- From: Martin Duerst <duerst@w3.org>
- Date: Tue, 29 Apr 2003 11:35:13 -0400
- To: Bjoern Hoehrmann <derhoermi@gmx.net>, www-validator@w3.org
It looks like the document isn't correct.
From http://www.iana.org/assignments/character-sets:
Name: GB2312 (preferred MIME name)
MIBenum: 2025
Source: Chinese for People's Republic of China (PRC) mixed one byte,
two byte set:
20-7E = one byte ASCII
A1-FE = two byte PRC Kanji
See GB 2312-80
PCL Symbol Set Id: 18C
Alias: csGB2312
The document contains two-byte sequences where the second
byte is in the 20-7E range. This isn't GB2312 as defined
above. I don't know what it is.
When changing the charset to GB-18030, things worked
(the document was hopelessly invalid, though).

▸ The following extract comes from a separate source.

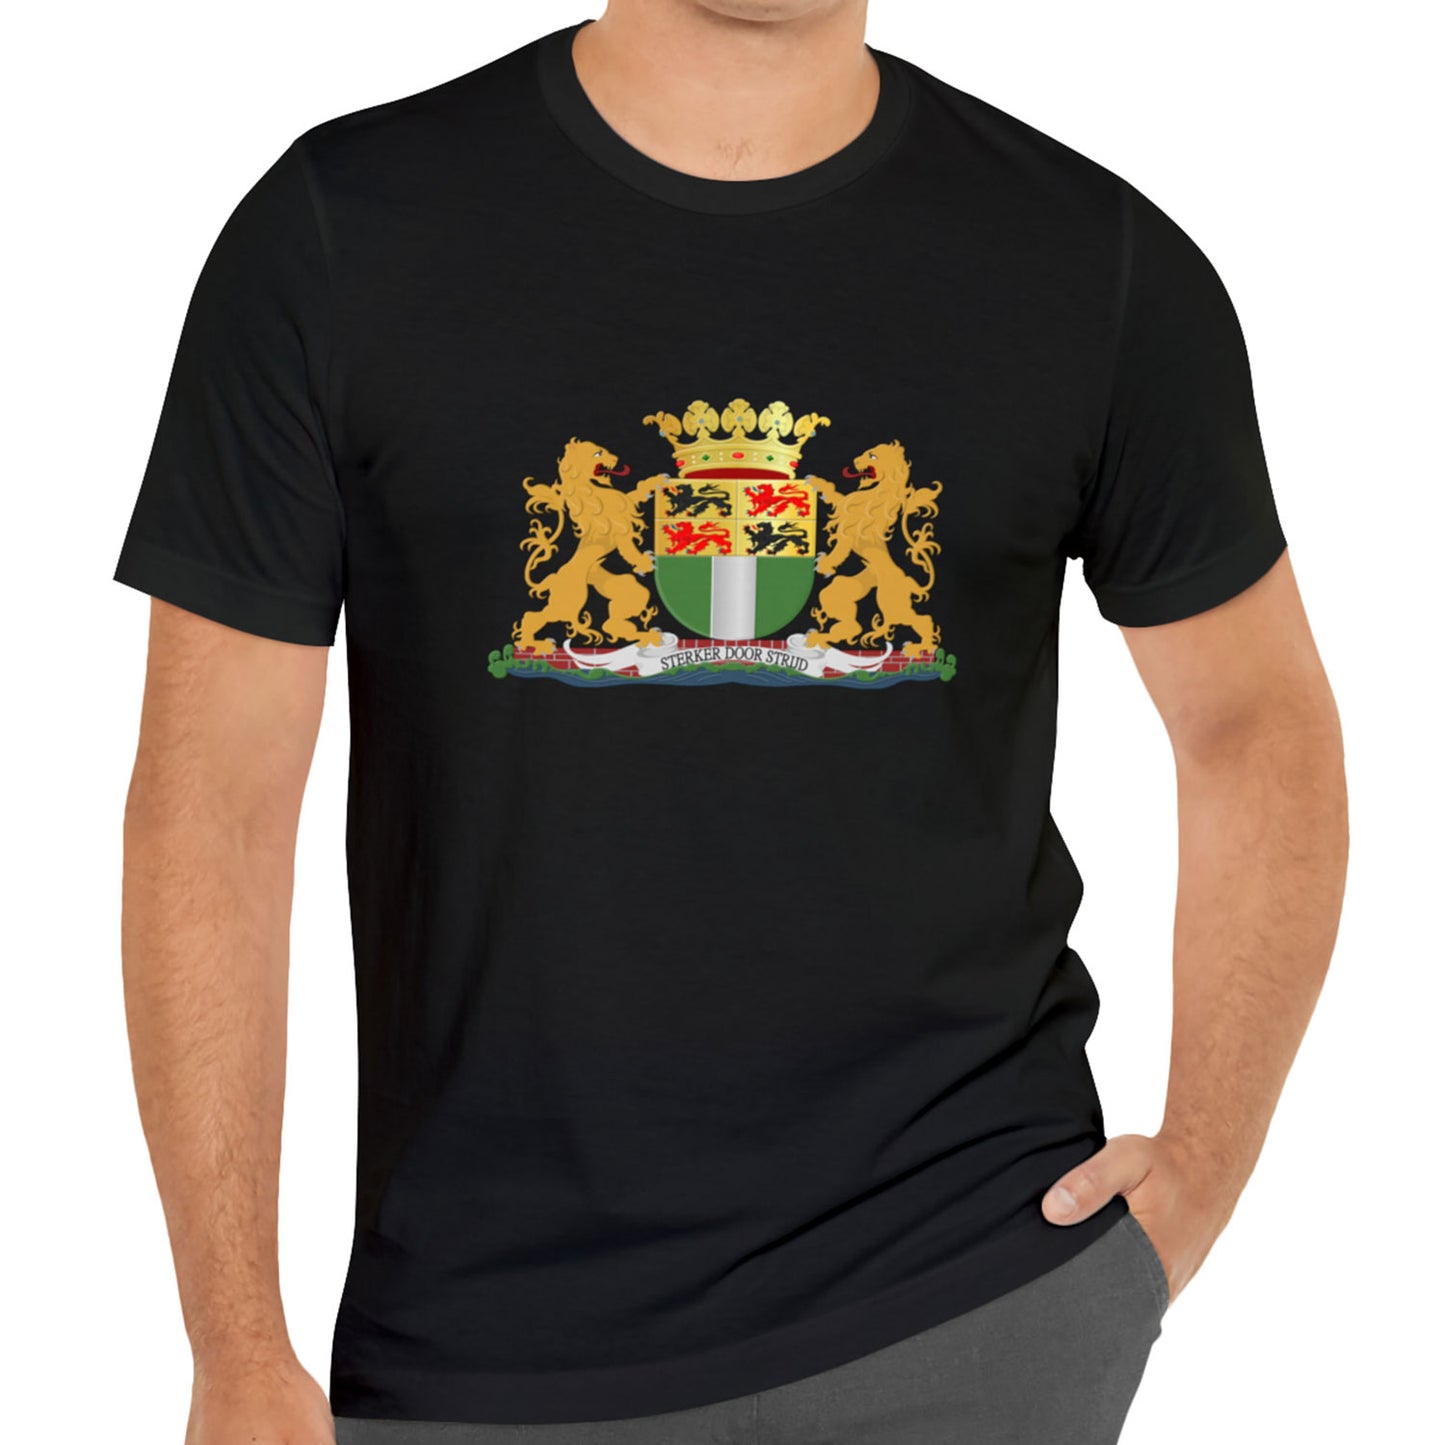 Zwart t-shirt met het wapen van Rotterdam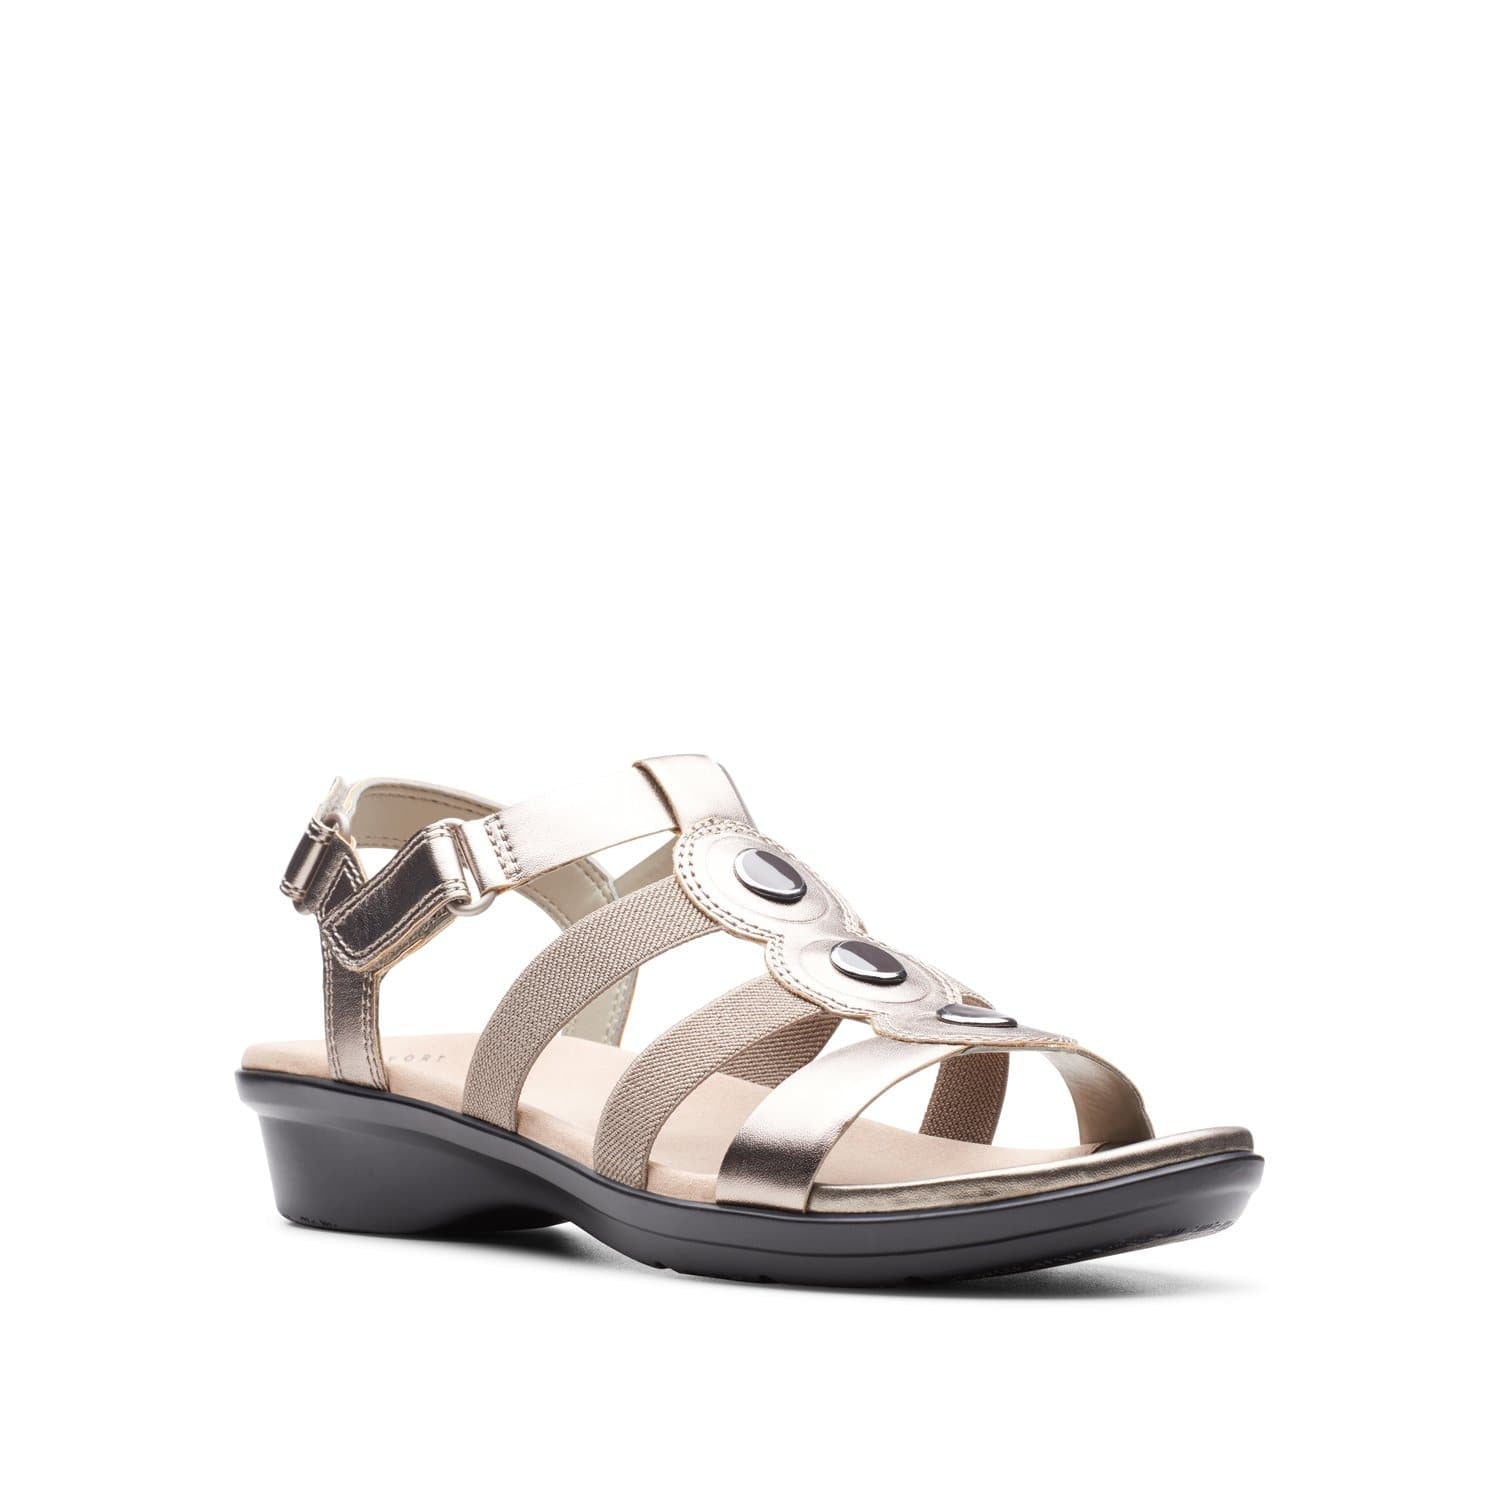 Clarks-Loomis-Harbor-Women's-Sandals-Pewter-Metallic-26146339

What really should be changed is that on
http://validator.w3.org/check?uri=http%3A%2F%2Fwww.ops.dti.ne.jp%2F%7Emuttle
y%2Ftest%2Ftest-2-gb2312.html&ss=1
there is no information at all about the charset, and no
way to change it. There should always be a chance to change
the charset if there is an encoding-related problem.
Regards, Martin.
At 20:15 03/04/28 +0200, Bjoern Hoehrmann wrote:
>Hi,
>
> On [1] the validator tells:
>
>[...]
> Sorry, I am unable to validate this document because on lines 23-26,
> 31-32, 35-36, 39-40, 43 it contained one or more bytes that I cannot
> interpret as gb2312 (in other words, the bytes found are not valid
> values in the specified Character Encoding). Please check both the
> content of the file and the character encoding indication.
>[...]
>
>I don't think this is accurate, in fact, all tested browsers render the
>document as expected, so this is likely to be a bug in either the
>validator or iconv().
>
>[1]<http://validator.w3.org/check?uri=http%3A%2F%2Fwww.ops.dti.ne.jp%2F%7Em
>uttley%2Ftest%2Ftest-2-gb2312.html>
Received on Tuesday, 29 April 2003 11:38:02 UTC